The difference? If you pass a measure as a VAL parameter, it calculates once using the outer context. As an EXPR parameter, it recalculates for each row context inside the function. This matters a lot when you're working with measures in your calculations.

SLL is a Python library that extends Microsoft's base Semantic Link with automation tools. The library gives you Python functions that let you read and write to your semantic models, including creating and updating UDFs.

First, install it in your Fabric notebook:

%pip install semantic-link-labs --upgrade --quiet

Then import what you need:

import sempy_labs as labs
from sempy_labs.tom import connect_semantic_model

Your First Automated UDF

Let's walk through a real example. Say you want to add a standard tax calculation function to one of your semantic models:

# Define your connection details
dataset = 'Sales_Model'
workspace = None  # Uses your current workspace
function_name = 'AddTax'
function_expression = "(amount : NUMERIC) => amount * 1.1"

# Connect to the model and add the function
with connect_semantic_model(dataset=dataset, readonly=False, workspace=workspace) as tom:
    tom.set_user_defined_function(name=function_name, expression=function_expression)

print("Function created successfully!")

# Verify it worked
functions_df = labs.list_user_defined_functions(dataset=dataset, workspace=workspace)
display(functions_df)

You've just programmatically added a UDF to your semantic model. The connect_semantic_model function opens a connection to your model's Tabular Object Model (TOM), which is essentially the behind-the-scenes structure of your semantic model. The with statement ensures the connection closes properly when you're done.

Deploying to Multiple Models

Here's where things get interesting. Once you have a UDF working in one model, you probably want it in all your models. Let's automate that:

import sempy.fabric as fabric

# Define your standard functions
standard_functions = {
    'CalculateMargin': "(revenue : NUMERIC, cost : NUMERIC) => DIVIDE(revenue - cost, revenue)",
    'ConvertToUSD': "(amount : NUMERIC, rate : NUMERIC) => amount * rate",
    'FormatCurrency': "(value : NUMERIC) => FORMAT(value, '$#,##0')"
}

# Get all semantic models in your workspace
workspace = 'Finance_Analytics'
all_models = fabric.list_datasets(workspace=workspace)

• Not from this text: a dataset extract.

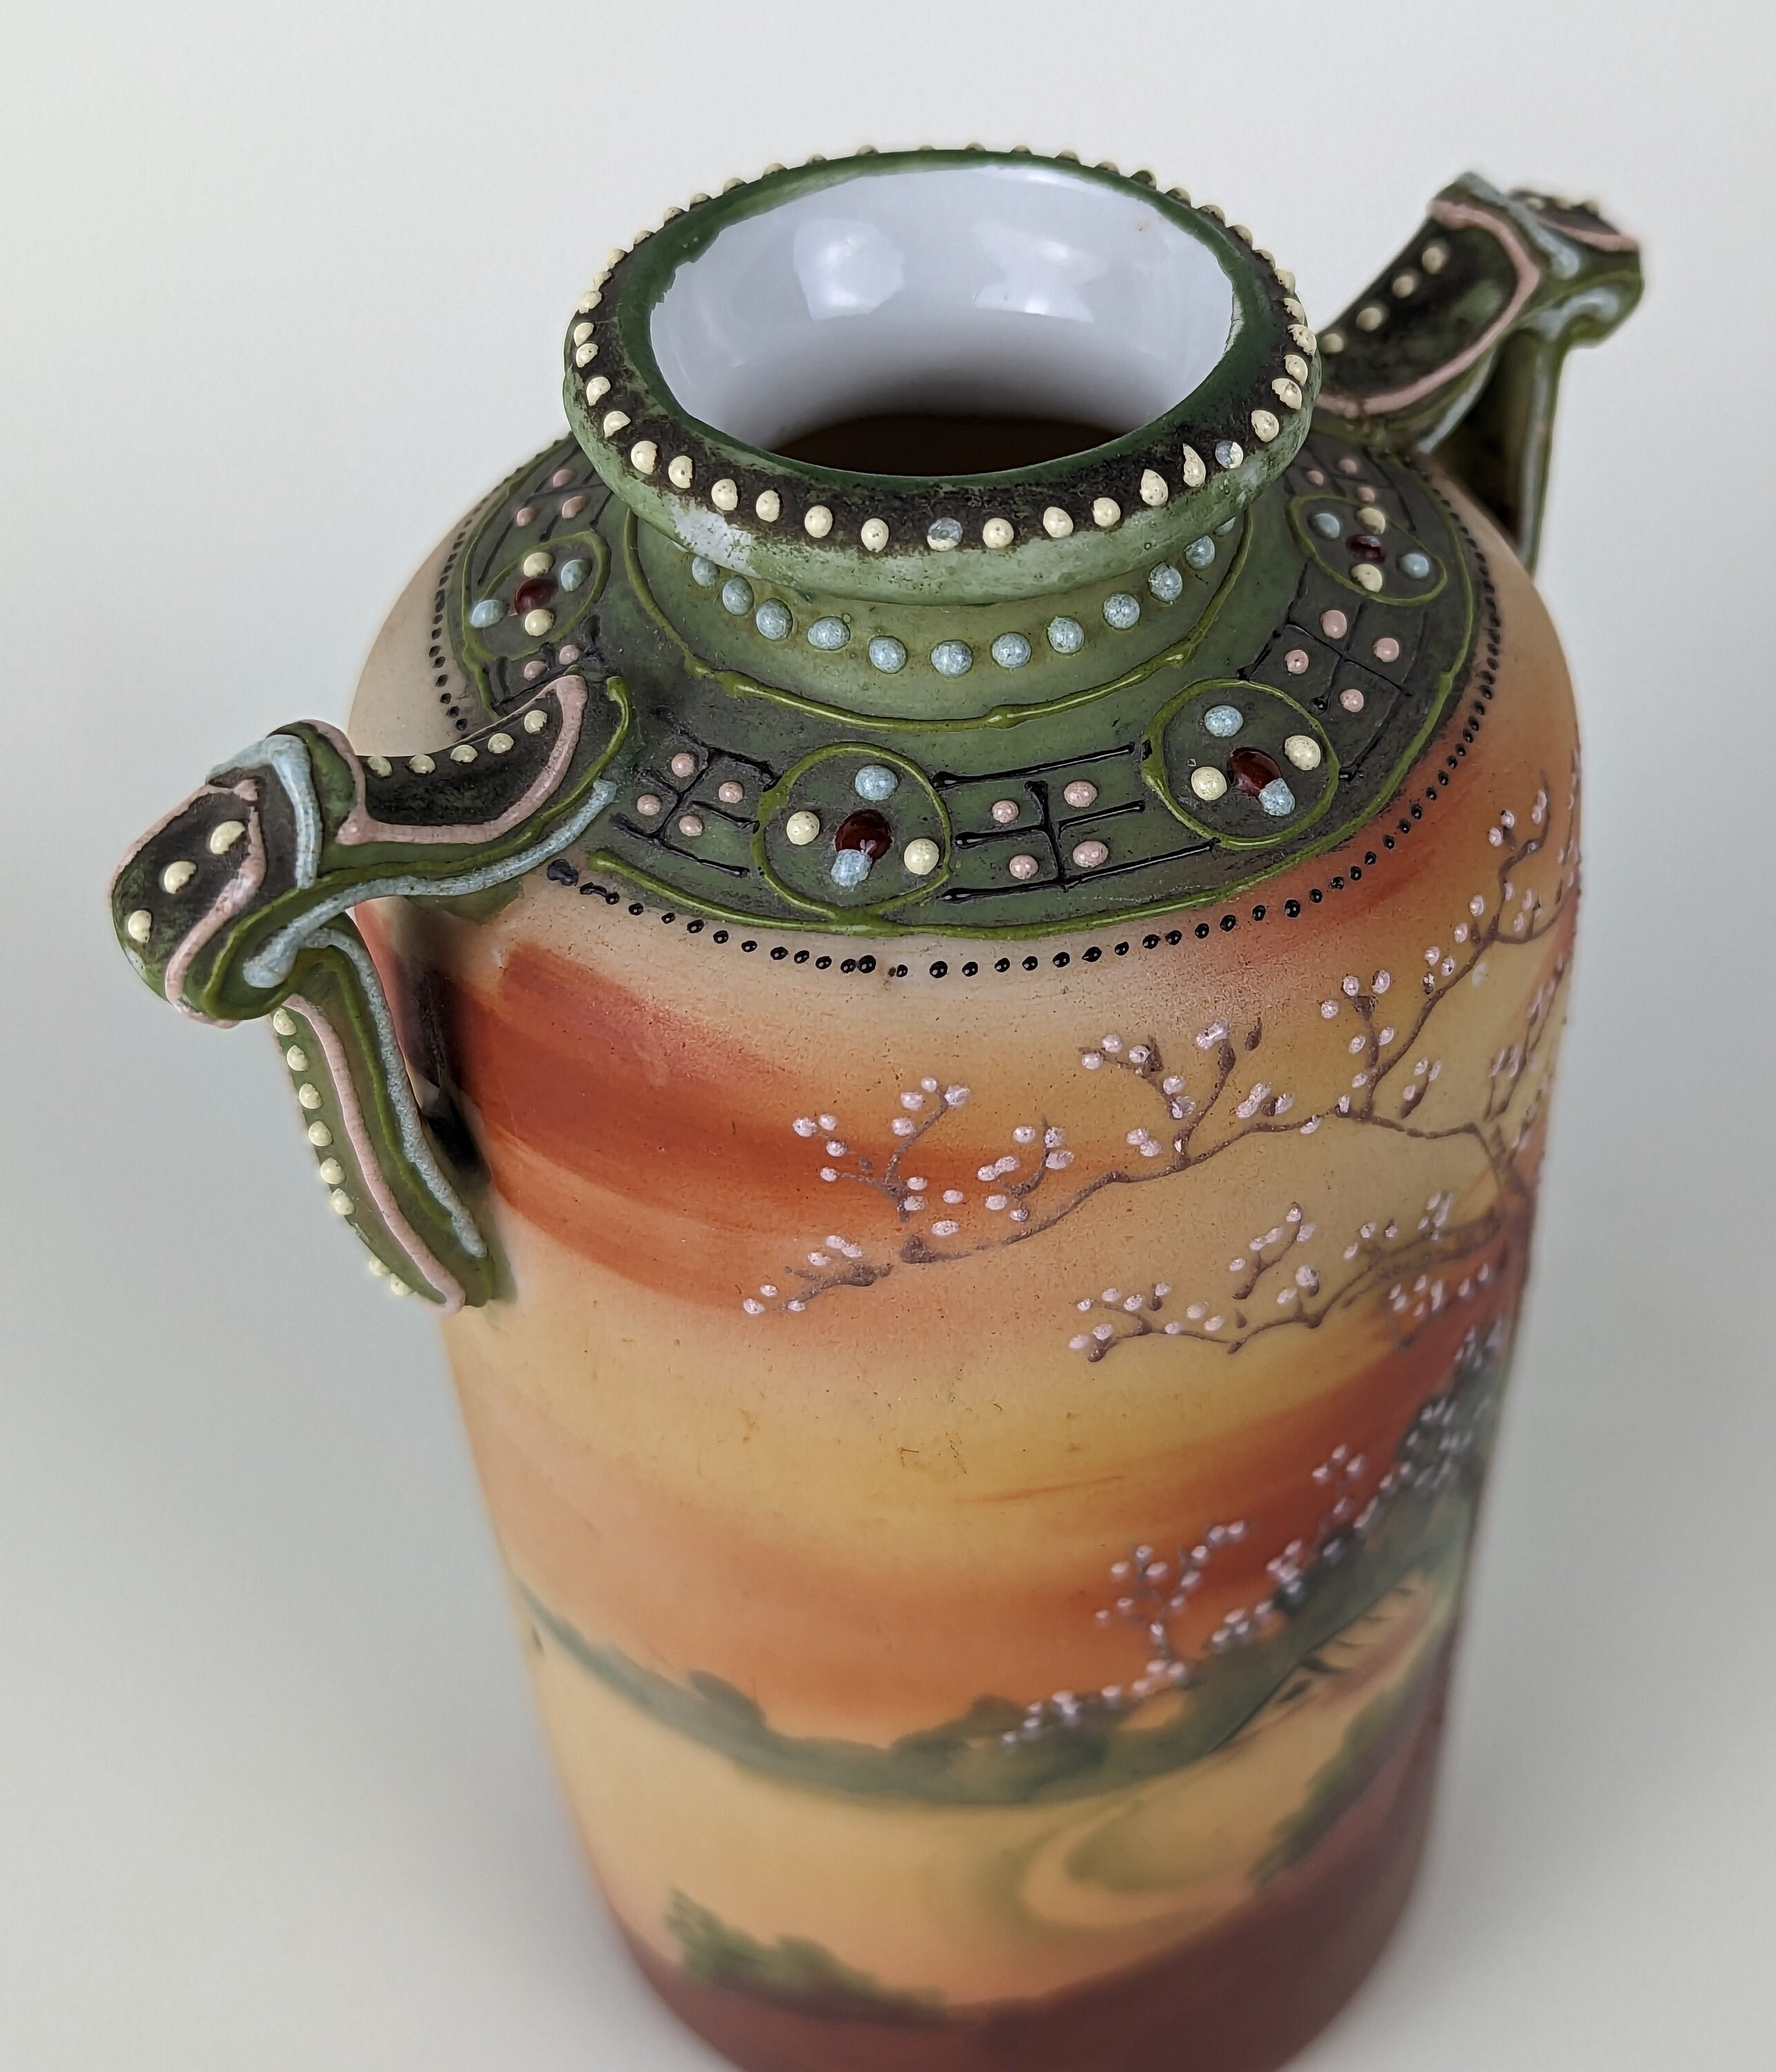 Moriyama Mori-Machi Japanese vase with moriage details - 1920s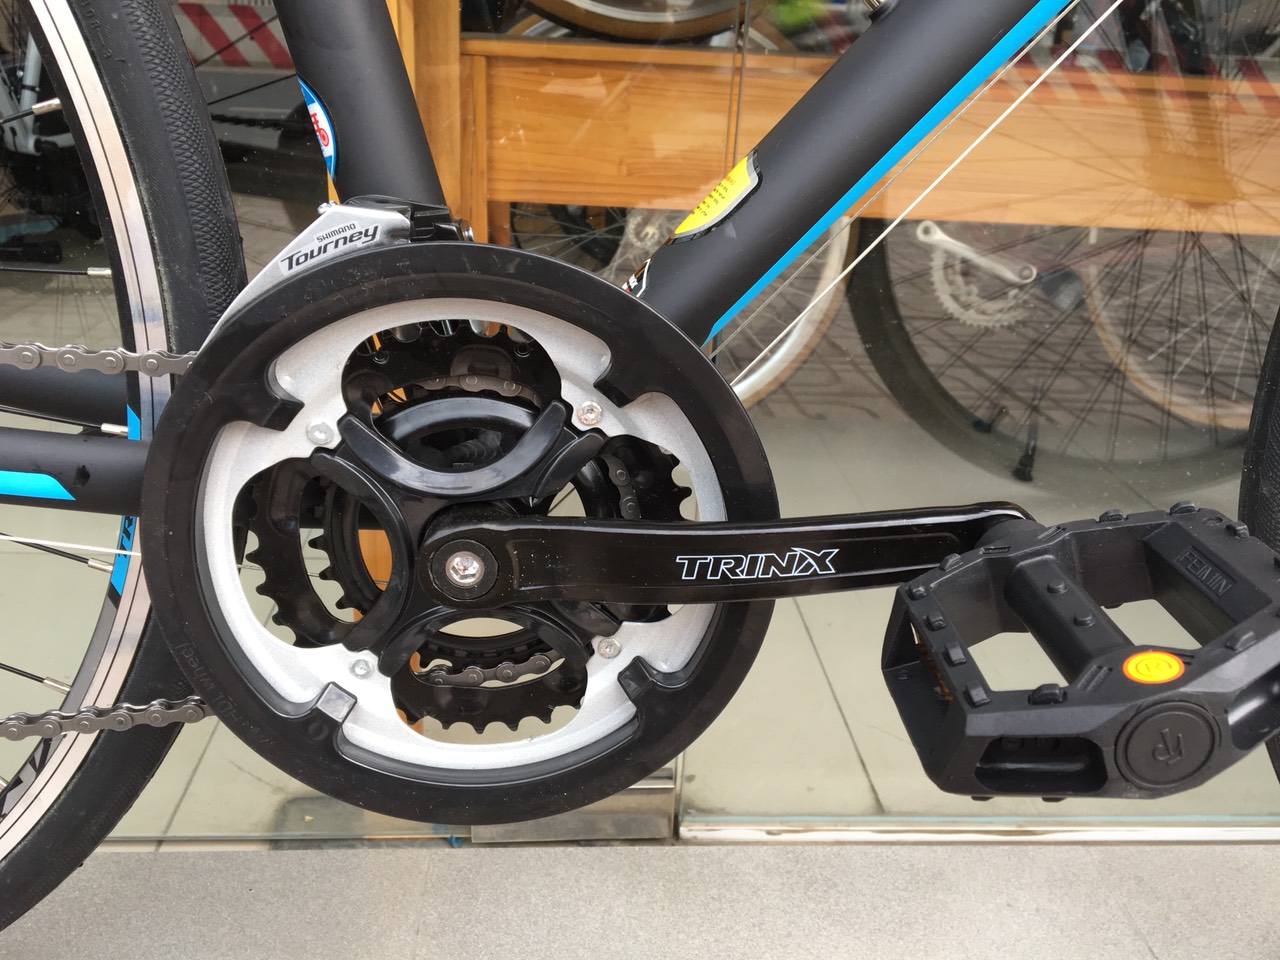 Xe đạp thể thao TRINX FREE 1.0 2019 Black Blue

# Loop through each model and add the functions
for model_name in all_models['Dataset Name']:
    print(f"Updating {model_name}...")

    try:
        with connect_semantic_model(dataset=model_name, workspace=workspace, readonly=False) as tom:
            for func_name, func_expr in standard_functions.items():
                tom.set_user_defined_function(name=func_name, expression=func_expr)

        print(f"  ✓ {model_name} updated successfully")

    except Exception as e:
        print(f"  ✗ Failed to update {model_name}: {str(e)}")

print("\nDeployment complete!")

I usually run this in a Fabric notebook, and it takes maybe 30 seconds to update a dozen models. Compare that to opening each model in the service, manually creating functions, and hoping you didn't make any typos.

Building a Central Function Library

Here's the pattern I use in production: Create one "master" semantic model that serves as your function library. Define all your standard business logic there, then use Python to sync it to all your other models.

# Step 1: Extract functions from your master library
master_dataset = 'Corporate_Function_Library'
master_workspace = 'IT_Standards'

master_functions = labs.list_user_defined_functions(
    dataset=master_dataset, 
    workspace=master_workspace
)

print(f"Found {len(master_functions)} functions in the library")
display(master_functions)

# Step 2: Apply them to all models in a target workspace
target_workspace = 'Sales_Department'
target_models = fabric.list_datasets(workspace=target_workspace)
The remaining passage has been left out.